Data below:
::::::::
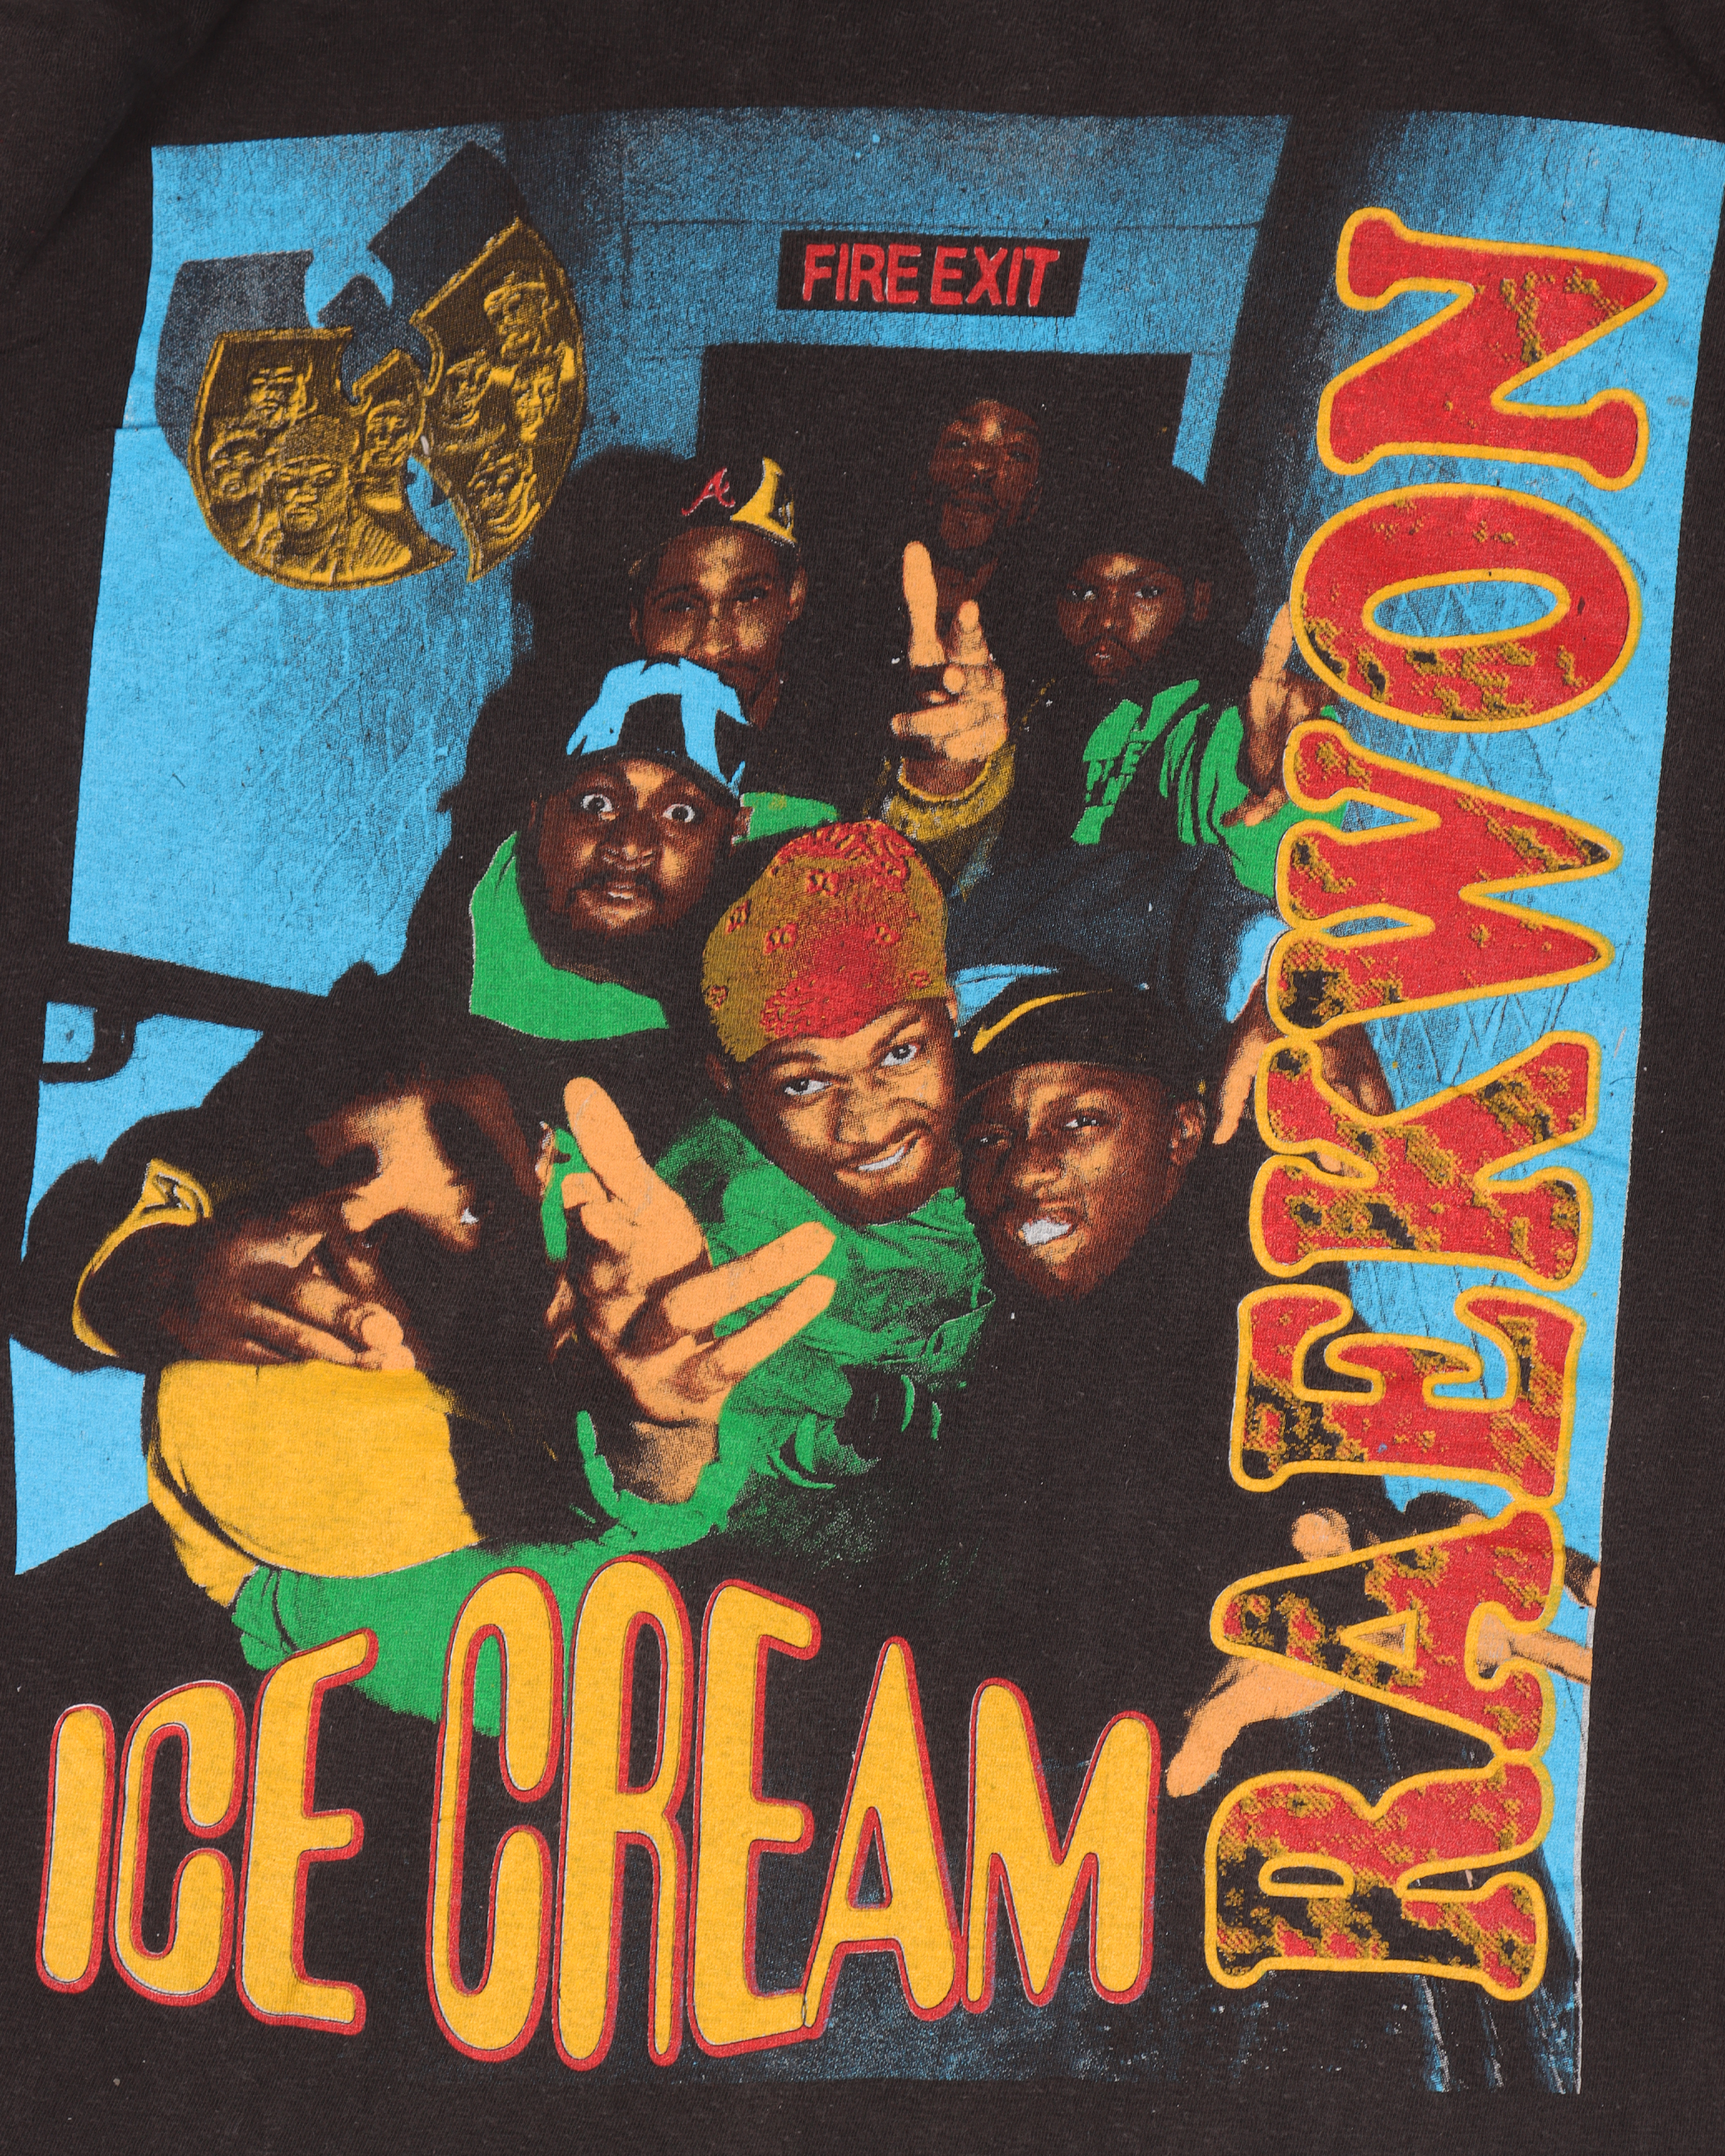 Wu-Tang Clan Raekwon 'Ice Cream' T-Shirt
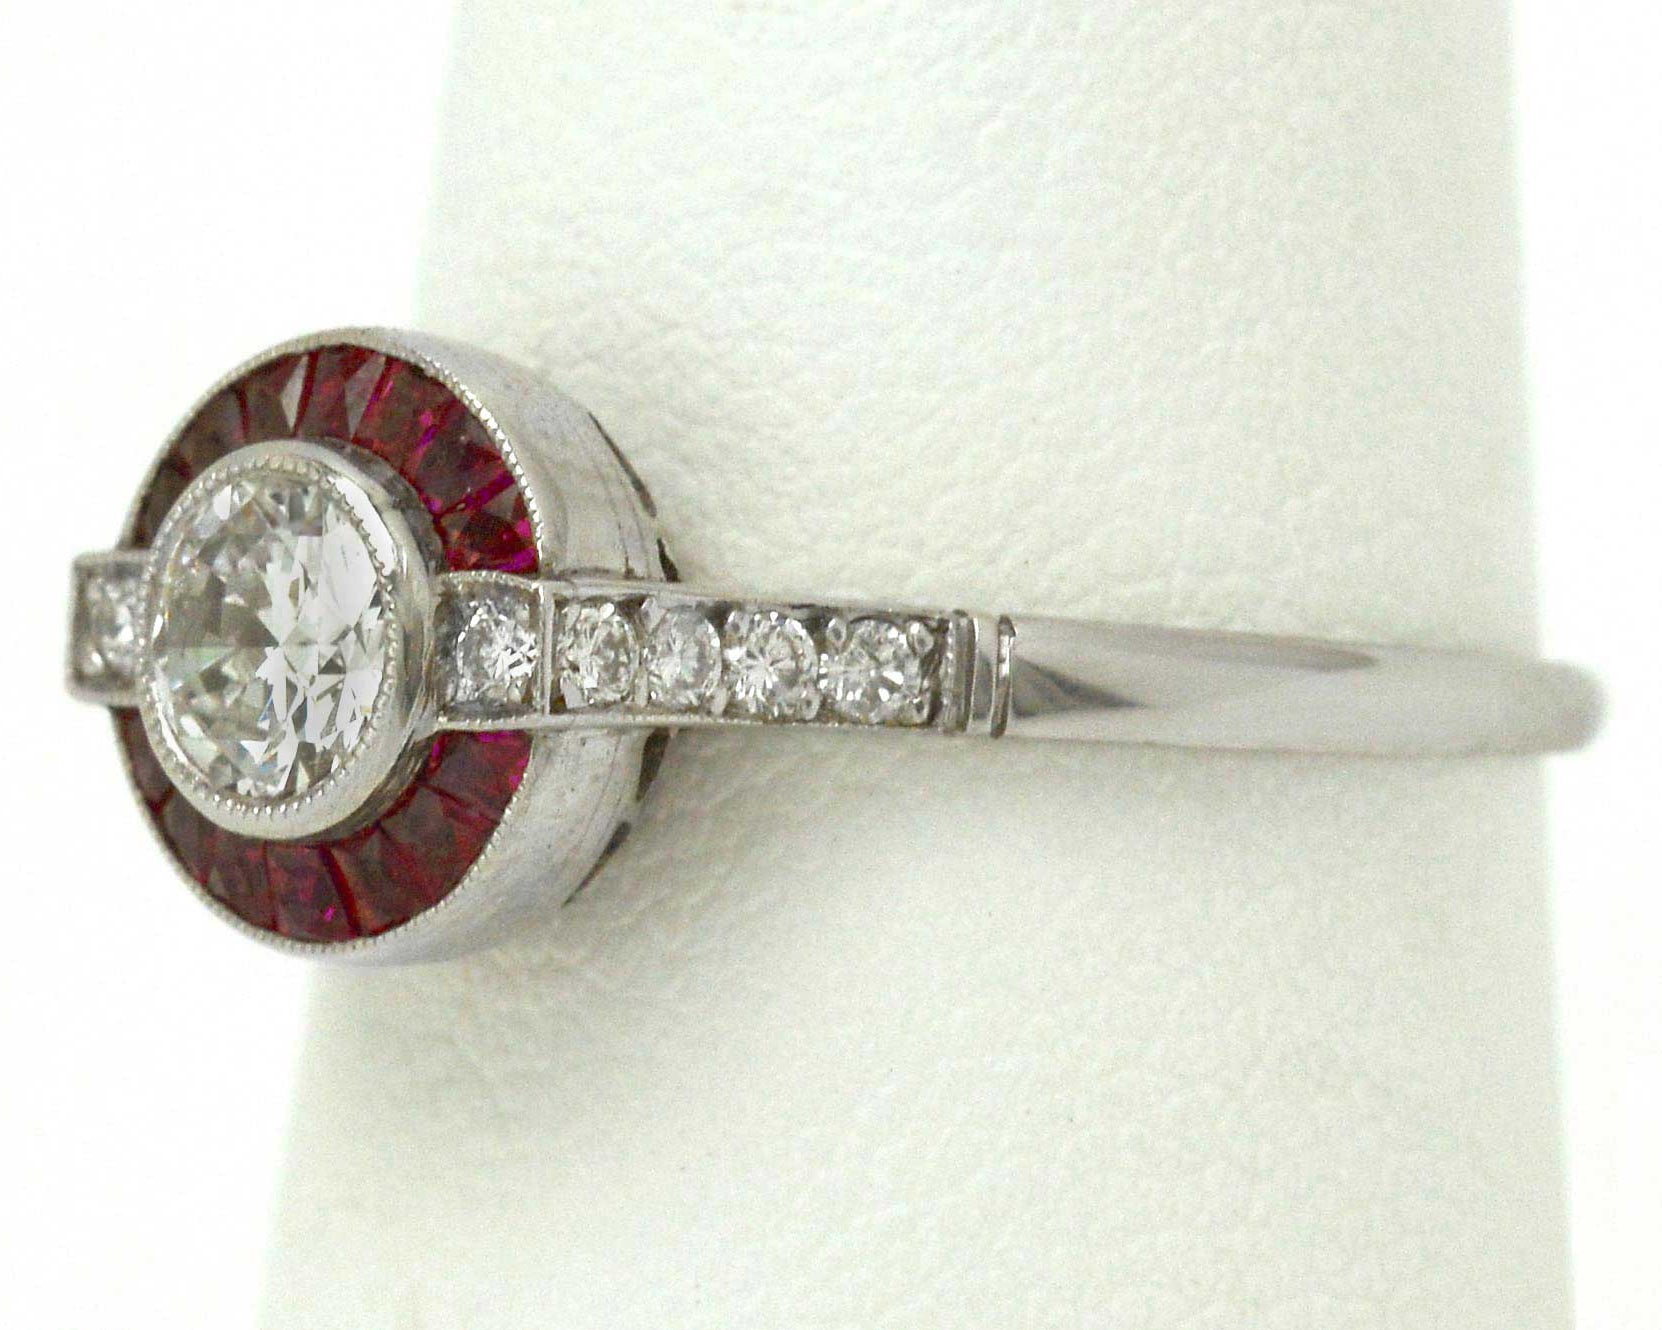 An old European brilliant diamond set in a ruby target Art Deco wedding ring design.
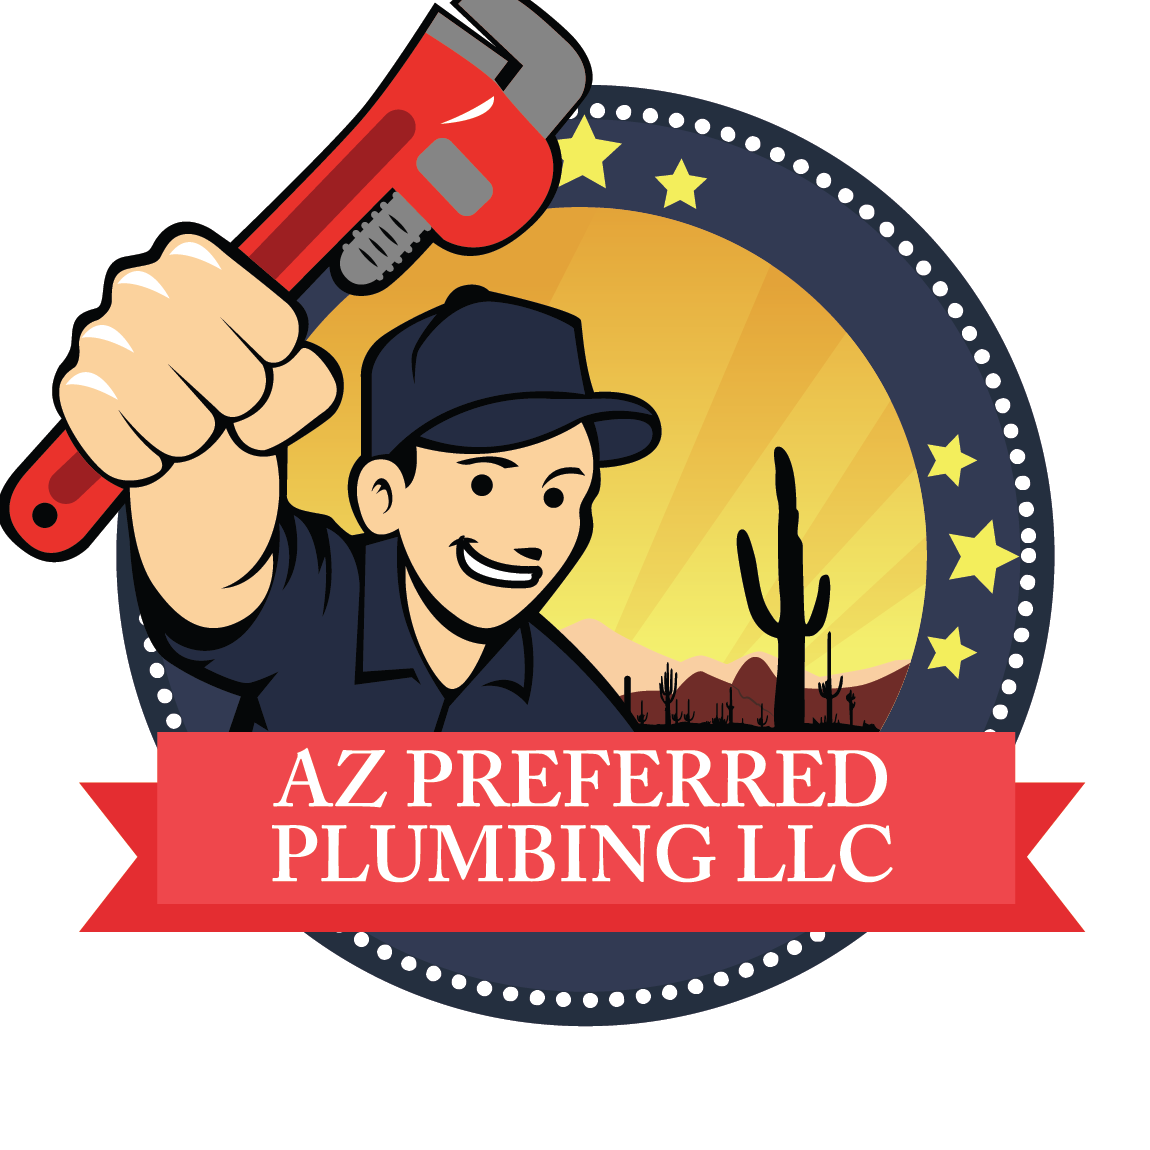 AZPrefferred Plumbing
::::::::
Task item: Every line above should be transcribed exactly, though no image should be carried over.

Result:
 Wu-Tang Clan Raekwon 'Ice Cream' T-Shirt
 An old European brilliant diamond set in a ruby target Art Deco wedding ring design.
 AZPrefferred Plumbing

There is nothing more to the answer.